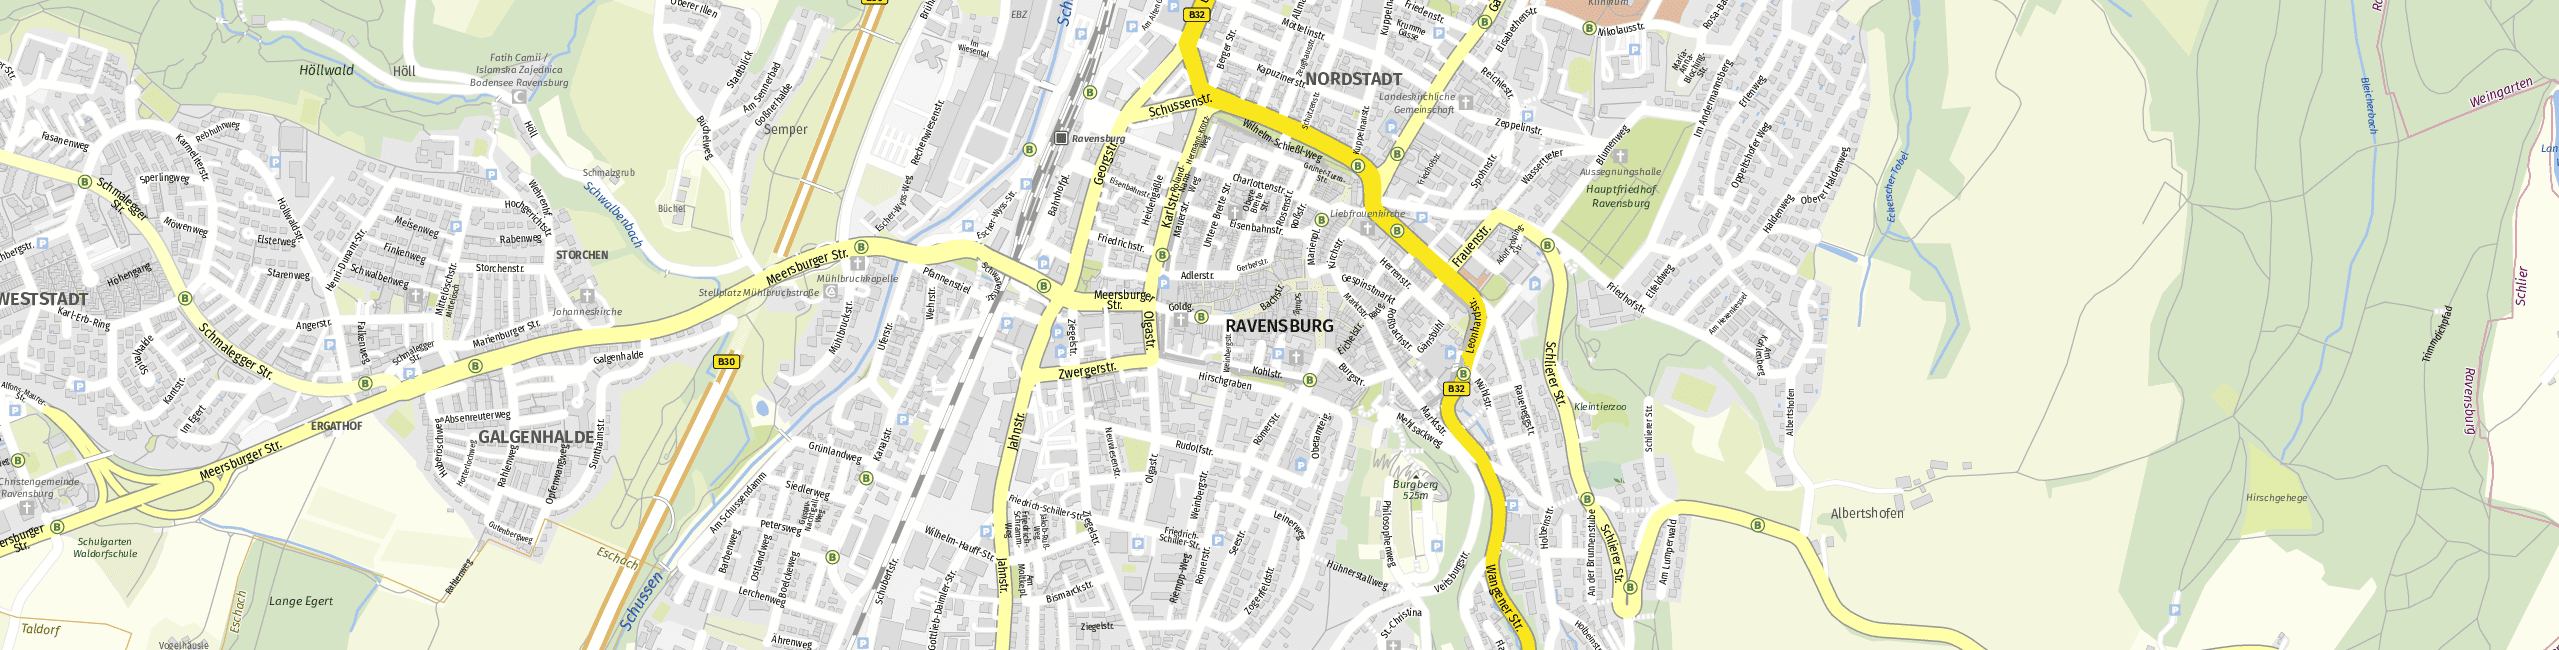 Stadtplan Ravensburg zum Downloaden.
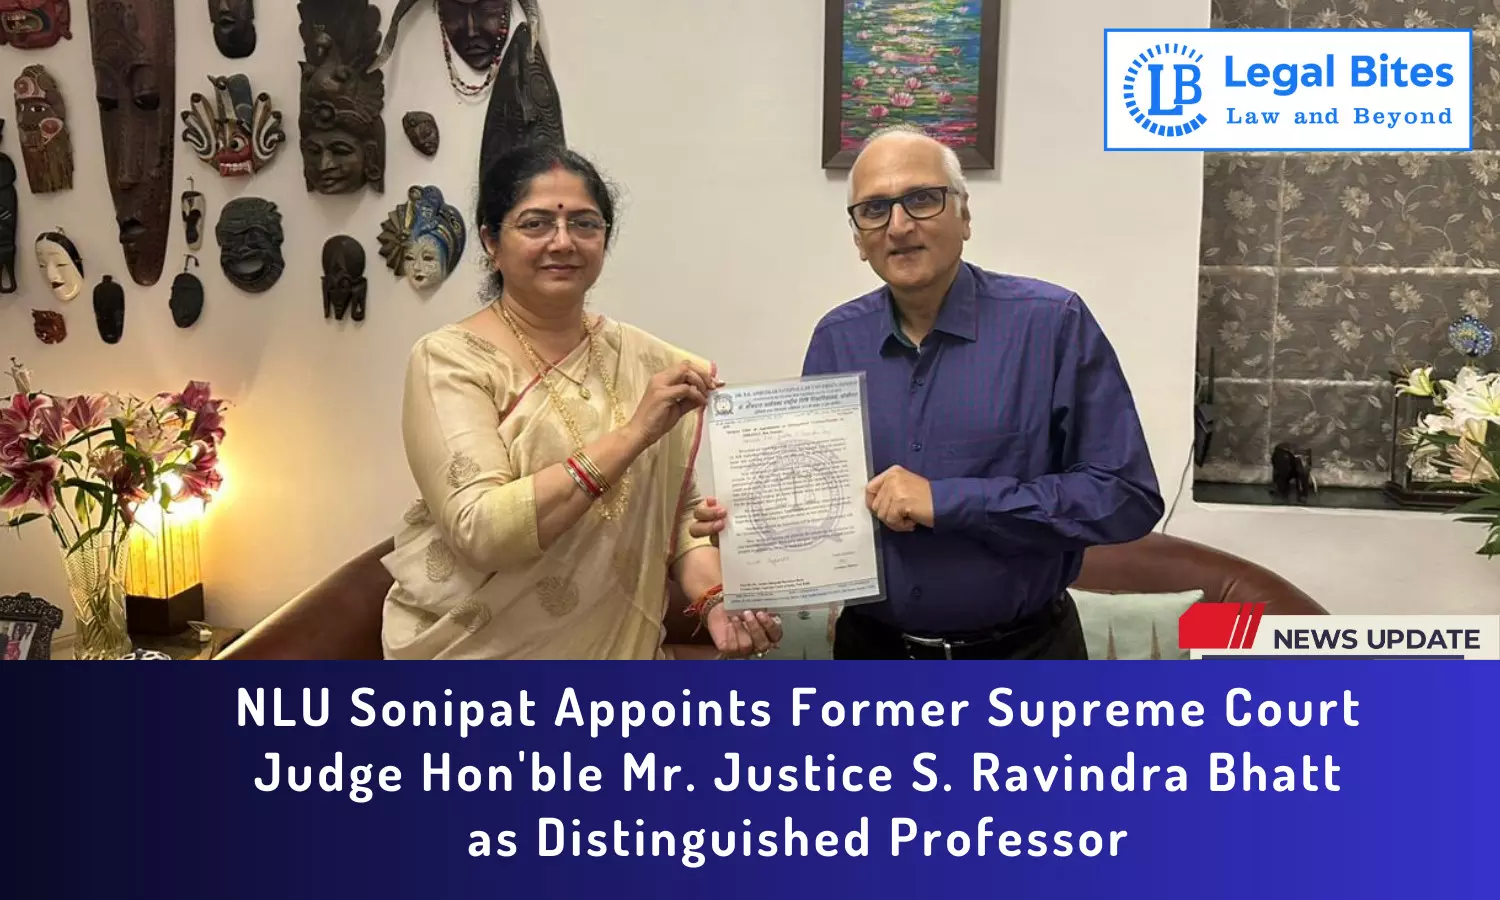 Justice Ravindra Bhatt Appointed Distinguished Professor at Dr. B.R. Ambedkar National Law University, Sonipat
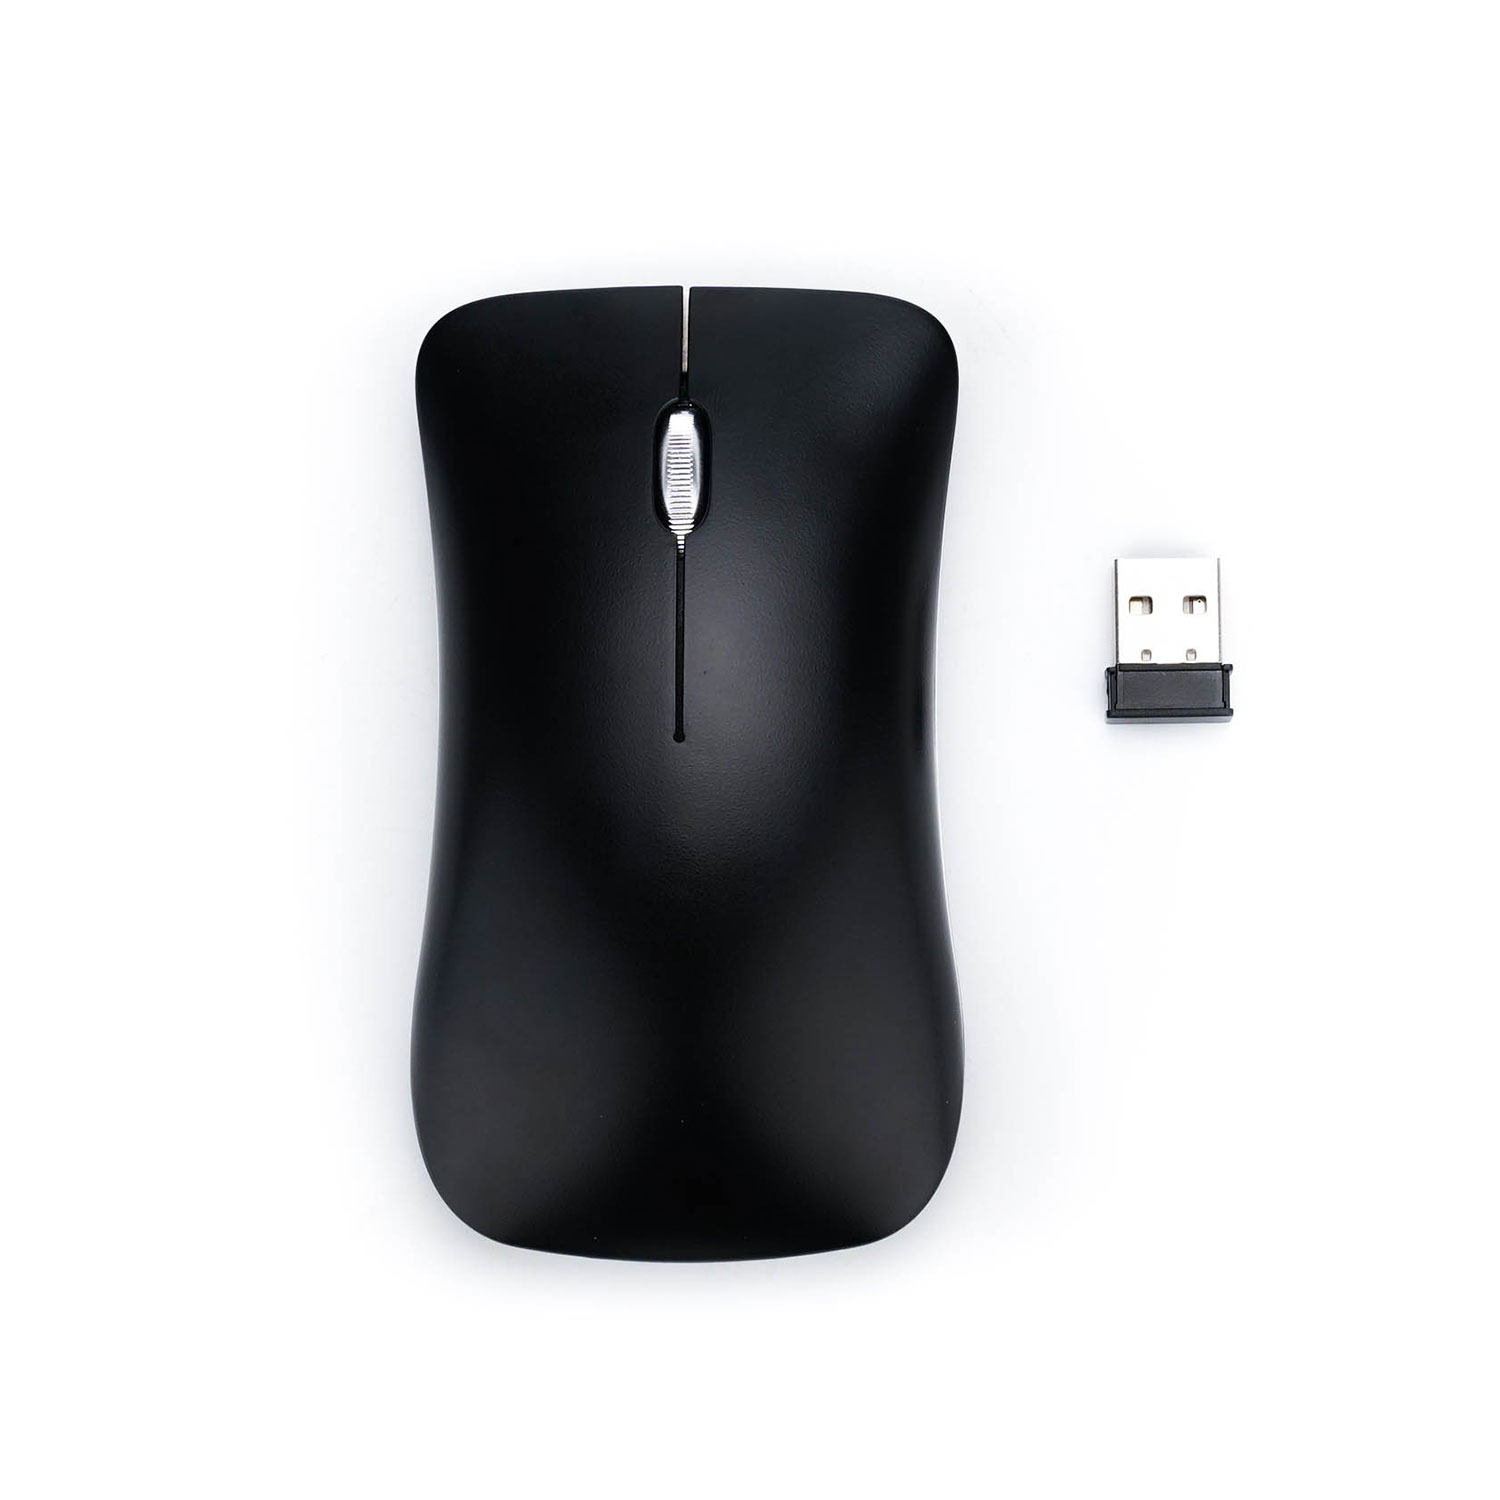 WM-11 Wireless Mouse
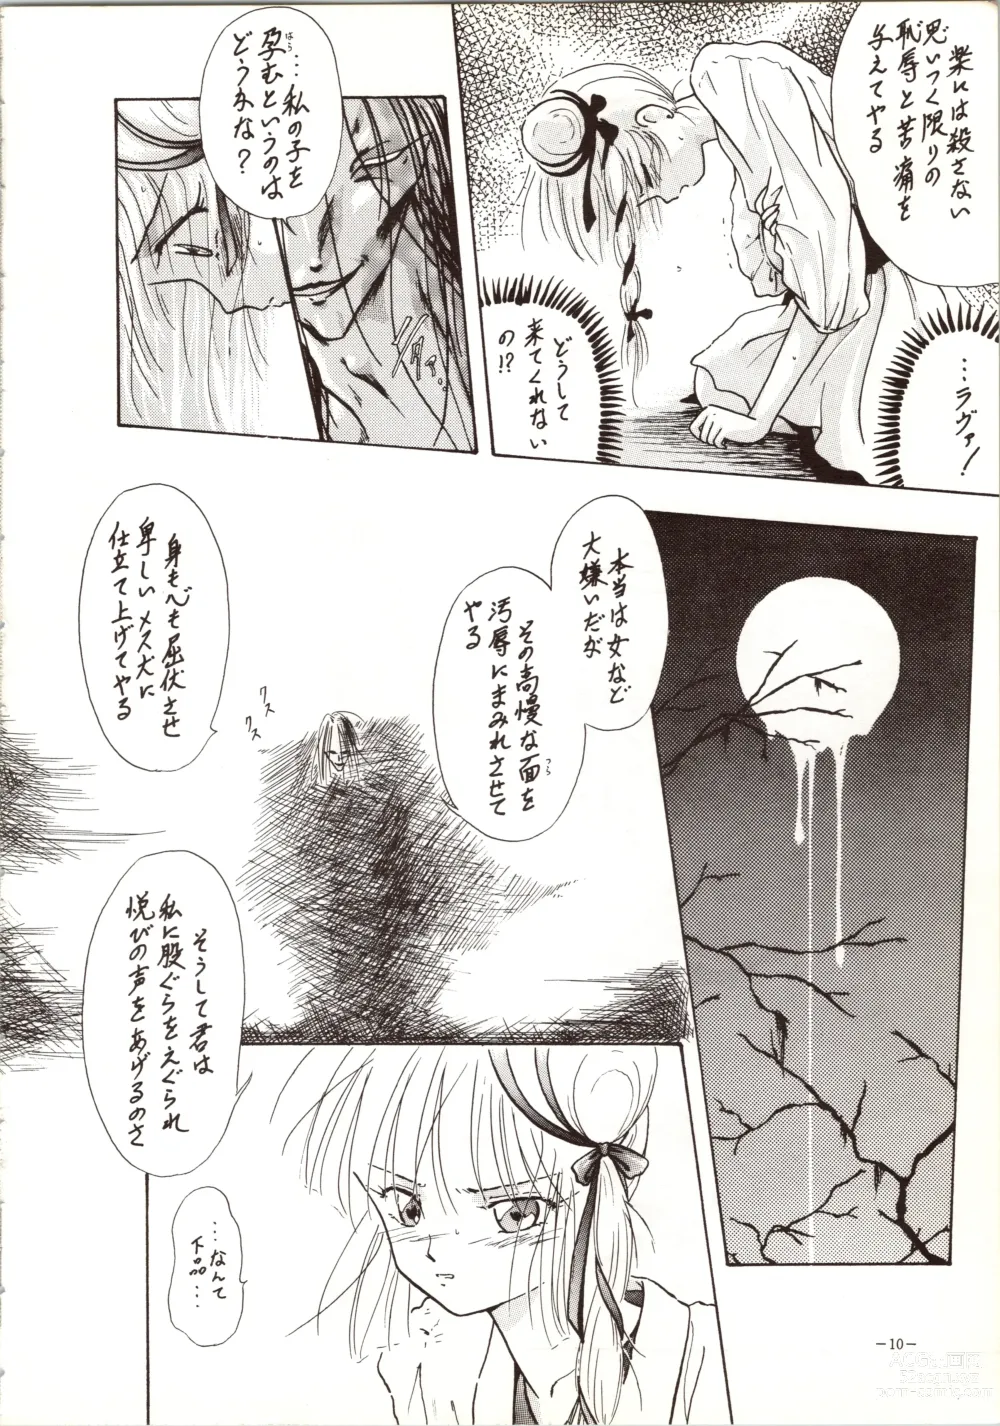 Page 10 of doujinshi MODEL 5

####

- Exercise details: Word-for-word output of the material above is needed, with the pictures left out.

- Solution to this problem:
 Stadtplan Ravensburg zum Downloaden.
 Justice Ravindra Bhatt Appointed Distinguished Professor at Dr. B.R. Ambedkar National Law University, Sonipat
 WM-11 Wireless Mouse
 Page 10 of doujinshi MODEL 5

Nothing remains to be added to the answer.